THE rules on how individuals can distribute their personal Isa allowance were relaxed at the start of this month, meaning you can put as much as £15,000 each year in stocks and shares, ring-fenced from any tax liabilities, for the first time.

This puts the spotlight firmly on the middle men who will be helping thousands of Scots to manage their own investment portfolios - the fast-growing world of the DIY platform.

The platform is the catch-all term for a range of online businesses that provide a shop window and hosting service for your investment choices. They allow you to pick whatever investments take your fancy - from funds and investments trusts to shares in individual companies - and place them in a virtual account or tax-efficient wrapper.

Why are these platforms on the rise? The industry stresses that returns on equities are better in the long run than the paltry interest on cash accounts. Tethered to a record-low base rate set by the Bank of England, rates for cash Isas rarely surpass three per cent these days.

Meanwhile, financial advisers, traditionally the gatekeepers to the investment world in the pre-internet era, have also been compelled by the Retail Distribution Review to levy fees or charge a percentage on new clients' ­portfolios. This replaces the old system where advisers provided a seemingly free service and were paid in commission by product providers.
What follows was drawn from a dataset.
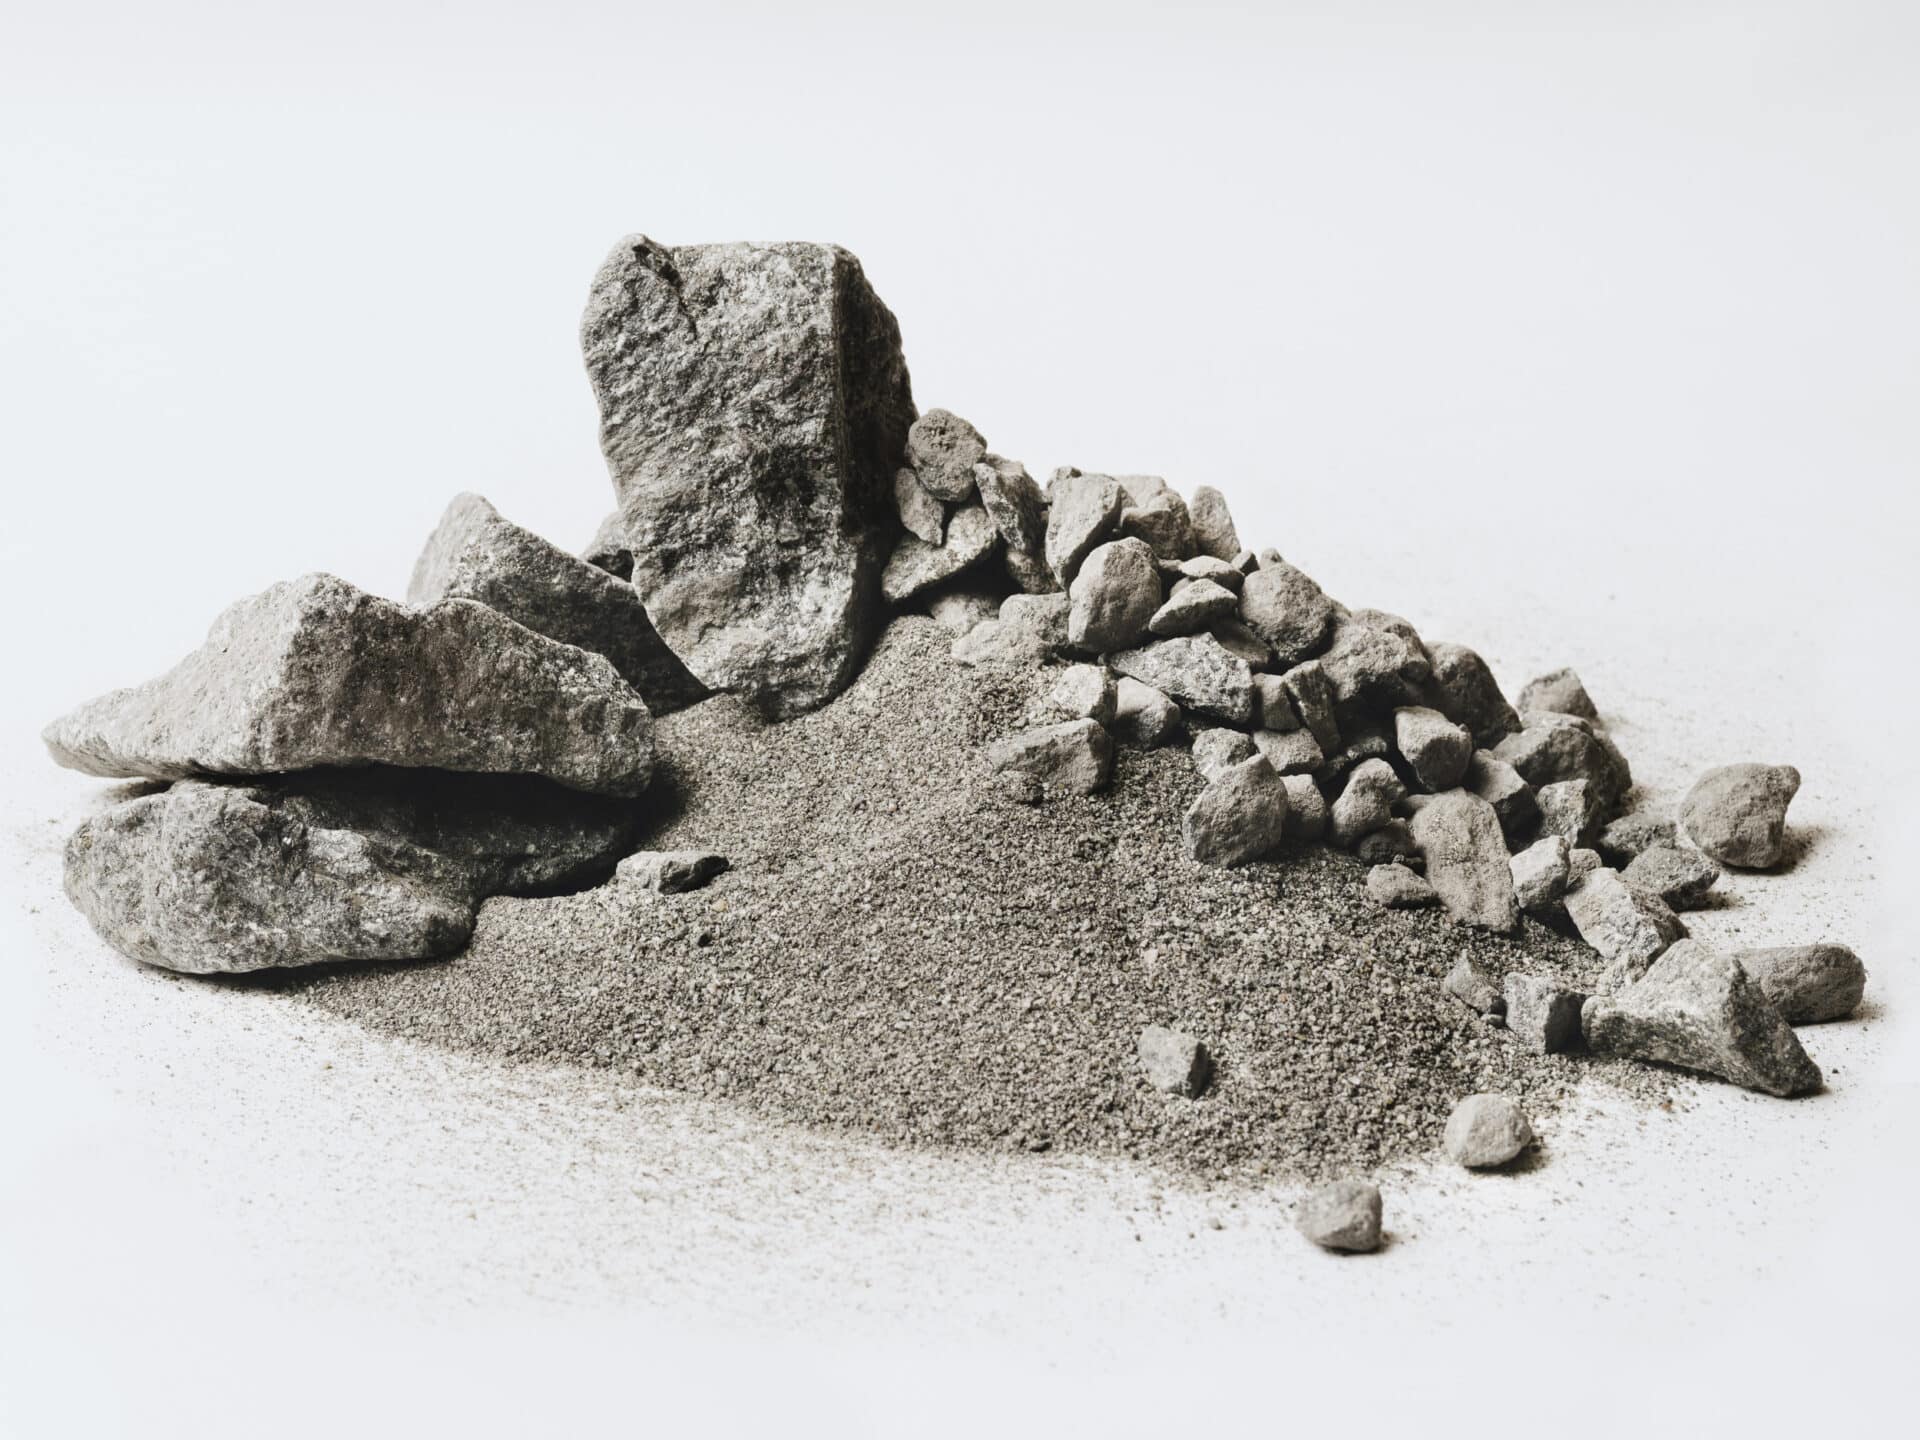 Selskapet SafeRock skal lage betong ved hjelp av gruveavfall. Bildet viser avgangsmassen og
bergarten noritt fra gruveselskapet Titania. Foto: OiOiOi

The explicit cost of this advice can be off-putting for less wealthy investors, who wonder whether they can make the whole process cheaper and easier by taking the DIY option.

Platforms offer control and convenience, but they will also be taking a cut from your portfolio, and the regulator's attempts to improve cost transparency in this blossoming industry are not working out as planned.

Mark Polson, principal of the lang cat, the Edinburgh-based platform consultancy, said: "Direct-to-consumer platforms are, at their very basic level, quite easy to understand. They let you buy investments.

"They allow you to hold those investments over a period of time. And they let you sell investments, or convert them to income producing financial products. That is it. However, the way in which different providers allow you to do all that stuff varies dramatically, and the various charging structures can be mind-bogglingly difficult to get your head around."

The same regulatory regime that banned advisers from taking commission on new ­business has also banned platforms from taking a slice from the annual management charge - typically 1.5 per cent - charged by an investment house once a platform user goes into one of its funds.

Surely that means investors will see a separate, flat charge for using the platform that's easy to compare? Mr Polson says it will not be this simple.

Firstly, it depends on how much money you hold with the platform. Some charge a flat percentage on assets while many have a variety of price brackets depending on how much is invested. Furthermore, those who want to chop and change their portfolio, as opposed to buying and holding their ­investments, have high trading costs to consider.

Whether a platform offers good value overall is difficult to judge, Mr Polson said. "There are areas where providers are trying to differentiate themselves. Things like front-end web user experience, investment choice, customer service, tools and calculators to help customers understand their investment risk profiles and exit charges are all important factors to consider alongside price."

Major platforms such as Hargreaves Lansdown are also clouding the issue by claiming to offer investors the best deal on household name funds, such as the one recently launched by famed star manager Neil Woodford. The fund supermarket claims it has the clout to negotiate a lower charge than its rivals - effectively 0.6 per cent - to host Mr Woodford's latest investment vehicle, the CF Woodford Equity Income fund.

Mr Polson warned: "Hargreaves built its business and enviable reputation before industry legislation forced providers to become more transparent on charges.

"Now that charges have been laid bare for everyone to see, it has become clear that Hargreaves Lansdown are by no means the cheapest direct platform on offer."

That is mainly because Hargreaves has a relatively high administration fee at 0.45 per cent, which could wipe out any savings made by its so-called "super-clean" pricing for certain funds. So choosing platforms with low or no administration fees can also make a difference to your returns in the long-run.

New platform users will need to tread carefully if they wish to switch some of their tax-free funds back into cash when interest rates start to climb.

The lang cat's latest research has revealed that 14 out of 22 platforms will levy a charge to transfer money from stocks and shares into cash, with Alliance Trust Savings charging as much as £100 plus VAT and £20 per stock. Investors can escape such charges by using AXA Self Investor, Cavendish, Fidelity or Bestinvest, among others.

Finally, platforms are not technically qualified to give you any advice about which options might be the most promising, even though many are packed with investment information.

That means you have to take responsibility for any losses incurred by your decisions, as the Financial Ombudsman will only compensate those who have received unsuitable advice from an IFA.